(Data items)
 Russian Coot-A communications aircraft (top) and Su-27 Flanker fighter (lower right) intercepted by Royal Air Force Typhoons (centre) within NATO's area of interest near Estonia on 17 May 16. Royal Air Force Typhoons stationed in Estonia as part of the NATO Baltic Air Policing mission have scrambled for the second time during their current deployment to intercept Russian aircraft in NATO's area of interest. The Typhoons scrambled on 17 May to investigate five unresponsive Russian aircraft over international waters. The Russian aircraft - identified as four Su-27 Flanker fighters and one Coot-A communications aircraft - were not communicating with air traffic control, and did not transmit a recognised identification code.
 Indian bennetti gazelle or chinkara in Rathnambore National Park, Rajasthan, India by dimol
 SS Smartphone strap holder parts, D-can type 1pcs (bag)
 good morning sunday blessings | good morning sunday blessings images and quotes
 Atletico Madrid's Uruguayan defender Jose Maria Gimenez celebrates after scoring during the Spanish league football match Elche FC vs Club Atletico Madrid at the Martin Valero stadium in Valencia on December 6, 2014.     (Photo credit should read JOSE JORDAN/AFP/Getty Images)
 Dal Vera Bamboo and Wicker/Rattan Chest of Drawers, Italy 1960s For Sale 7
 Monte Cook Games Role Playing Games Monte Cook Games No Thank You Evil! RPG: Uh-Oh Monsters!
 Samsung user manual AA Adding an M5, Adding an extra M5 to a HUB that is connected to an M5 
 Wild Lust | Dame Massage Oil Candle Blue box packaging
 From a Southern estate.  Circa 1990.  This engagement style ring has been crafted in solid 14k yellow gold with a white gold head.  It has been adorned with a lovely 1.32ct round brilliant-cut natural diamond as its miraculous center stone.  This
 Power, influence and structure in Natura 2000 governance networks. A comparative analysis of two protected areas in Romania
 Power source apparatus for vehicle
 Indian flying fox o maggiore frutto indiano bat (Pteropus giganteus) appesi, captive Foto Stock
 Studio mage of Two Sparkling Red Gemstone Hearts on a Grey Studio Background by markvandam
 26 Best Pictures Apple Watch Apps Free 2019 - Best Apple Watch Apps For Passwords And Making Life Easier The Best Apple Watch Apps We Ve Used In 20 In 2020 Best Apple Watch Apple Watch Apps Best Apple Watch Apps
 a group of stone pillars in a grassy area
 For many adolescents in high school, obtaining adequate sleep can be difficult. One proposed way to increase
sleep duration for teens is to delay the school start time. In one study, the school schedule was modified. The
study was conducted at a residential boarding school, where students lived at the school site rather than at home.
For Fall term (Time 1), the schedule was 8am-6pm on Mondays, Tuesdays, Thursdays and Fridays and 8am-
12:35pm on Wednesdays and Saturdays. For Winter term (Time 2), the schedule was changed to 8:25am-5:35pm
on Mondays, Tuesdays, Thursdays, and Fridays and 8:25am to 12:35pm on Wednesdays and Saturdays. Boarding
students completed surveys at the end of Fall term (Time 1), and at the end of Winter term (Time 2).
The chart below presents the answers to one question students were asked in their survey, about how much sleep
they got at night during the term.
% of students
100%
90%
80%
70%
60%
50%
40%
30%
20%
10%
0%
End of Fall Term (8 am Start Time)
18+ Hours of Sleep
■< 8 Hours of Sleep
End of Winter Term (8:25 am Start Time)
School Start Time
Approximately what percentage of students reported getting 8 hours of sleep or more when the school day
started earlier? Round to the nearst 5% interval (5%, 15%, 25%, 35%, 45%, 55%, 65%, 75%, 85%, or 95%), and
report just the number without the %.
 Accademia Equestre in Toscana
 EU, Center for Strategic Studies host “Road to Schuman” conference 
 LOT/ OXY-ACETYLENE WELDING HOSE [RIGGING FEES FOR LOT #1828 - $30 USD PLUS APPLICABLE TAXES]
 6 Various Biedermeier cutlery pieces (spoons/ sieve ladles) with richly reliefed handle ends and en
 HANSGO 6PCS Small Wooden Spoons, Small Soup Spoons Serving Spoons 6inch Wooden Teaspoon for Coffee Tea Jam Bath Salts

## Your instructions:
All entries must be repeated verbatim.

## Finished task:
 Russian Coot-A communications aircraft (top) and Su-27 Flanker fighter (lower right) intercepted by Royal Air Force Typhoons (centre) within NATO's area of interest near Estonia on 17 May 16. Royal Air Force Typhoons stationed in Estonia as part of the NATO Baltic Air Policing mission have scrambled for the second time during their current deployment to intercept Russian aircraft in NATO's area of interest. The Typhoons scrambled on 17 May to investigate five unresponsive Russian aircraft over international waters. The Russian aircraft - identified as four Su-27 Flanker fighters and one Coot-A communications aircraft - were not communicating with air traffic control, and did not transmit a recognised identification code.
 Indian bennetti gazelle or chinkara in Rathnambore National Park, Rajasthan, India by dimol
 SS Smartphone strap holder parts, D-can type 1pcs (bag)
 good morning sunday blessings | good morning sunday blessings images and quotes
 Atletico Madrid's Uruguayan defender Jose Maria Gimenez celebrates after scoring during the Spanish league football match Elche FC vs Club Atletico Madrid at the Martin Valero stadium in Valencia on December 6, 2014.     (Photo credit should read JOSE JORDAN/AFP/Getty Images)
 Dal Vera Bamboo and Wicker/Rattan Chest of Drawers, Italy 1960s For Sale 7
 Monte Cook Games Role Playing Games Monte Cook Games No Thank You Evil! RPG: Uh-Oh Monsters!
 Samsung user manual AA Adding an M5, Adding an extra M5 to a HUB that is connected to an M5 
 Wild Lust | Dame Massage Oil Candle Blue box packaging
 From a Southern estate.  Circa 1990.  This engagement style ring has been crafted in solid 14k yellow gold with a white gold head.  It has been adorned with a lovely 1.32ct round brilliant-cut natural diamond as its miraculous center stone.  This
 Power, influence and structure in Natura 2000 governance networks. A comparative analysis of two protected areas in Romania
 Power source apparatus for vehicle
 Indian flying fox o maggiore frutto indiano bat (Pteropus giganteus) appesi, captive Foto Stock
 Studio mage of Two Sparkling Red Gemstone Hearts on a Grey Studio Background by markvandam
 26 Best Pictures Apple Watch Apps Free 2019 - Best Apple Watch Apps For Passwords And Making Life Easier The Best Apple Watch Apps We Ve Used In 20 In 2020 Best Apple Watch Apple Watch Apps Best Apple Watch Apps
 a group of stone pillars in a grassy area
 For many adolescents in high school, obtaining adequate sleep can be difficult. One proposed way to increase
sleep duration for teens is to delay the school start time. In one study, the school schedule was modified. The
study was conducted at a residential boarding school, where students lived at the school site rather than at home.
For Fall term (Time 1), the schedule was 8am-6pm on Mondays, Tuesdays, Thursdays and Fridays and 8am-
12:35pm on Wednesdays and Saturdays. For Winter term (Time 2), the schedule was changed to 8:25am-5:35pm
on Mondays, Tuesdays, Thursdays, and Fridays and 8:25am to 12:35pm on Wednesdays and Saturdays. Boarding
students completed surveys at the end of Fall term (Time 1), and at the end of Winter term (Time 2).
The chart below presents the answers to one question students were asked in their survey, about how much sleep
they got at night during the term.
% of students
100%
90%
80%
70%
60%
50%
40%
30%
20%
10%
0%
End of Fall Term (8 am Start Time)
18+ Hours of Sleep
■< 8 Hours of Sleep
End of Winter Term (8:25 am Start Time)
School Start Time
Approximately what percentage of students reported getting 8 hours of sleep or more when the school day
started earlier? Round to the nearst 5% interval (5%, 15%, 25%, 35%, 45%, 55%, 65%, 75%, 85%, or 95%), and
report just the number without the %.
 Accademia Equestre in Toscana
 EU, Center for Strategic Studies host “Road to Schuman” conference 
 LOT/ OXY-ACETYLENE WELDING HOSE [RIGGING FEES FOR LOT #1828 - $30 USD PLUS APPLICABLE TAXES]
 6 Various Biedermeier cutlery pieces (spoons/ sieve ladles) with richly reliefed handle ends and en
 HANSGO 6PCS Small Wooden Spoons, Small Soup Spoons Serving Spoons 6inch Wooden Teaspoon for Coffee Tea Jam Bath Salts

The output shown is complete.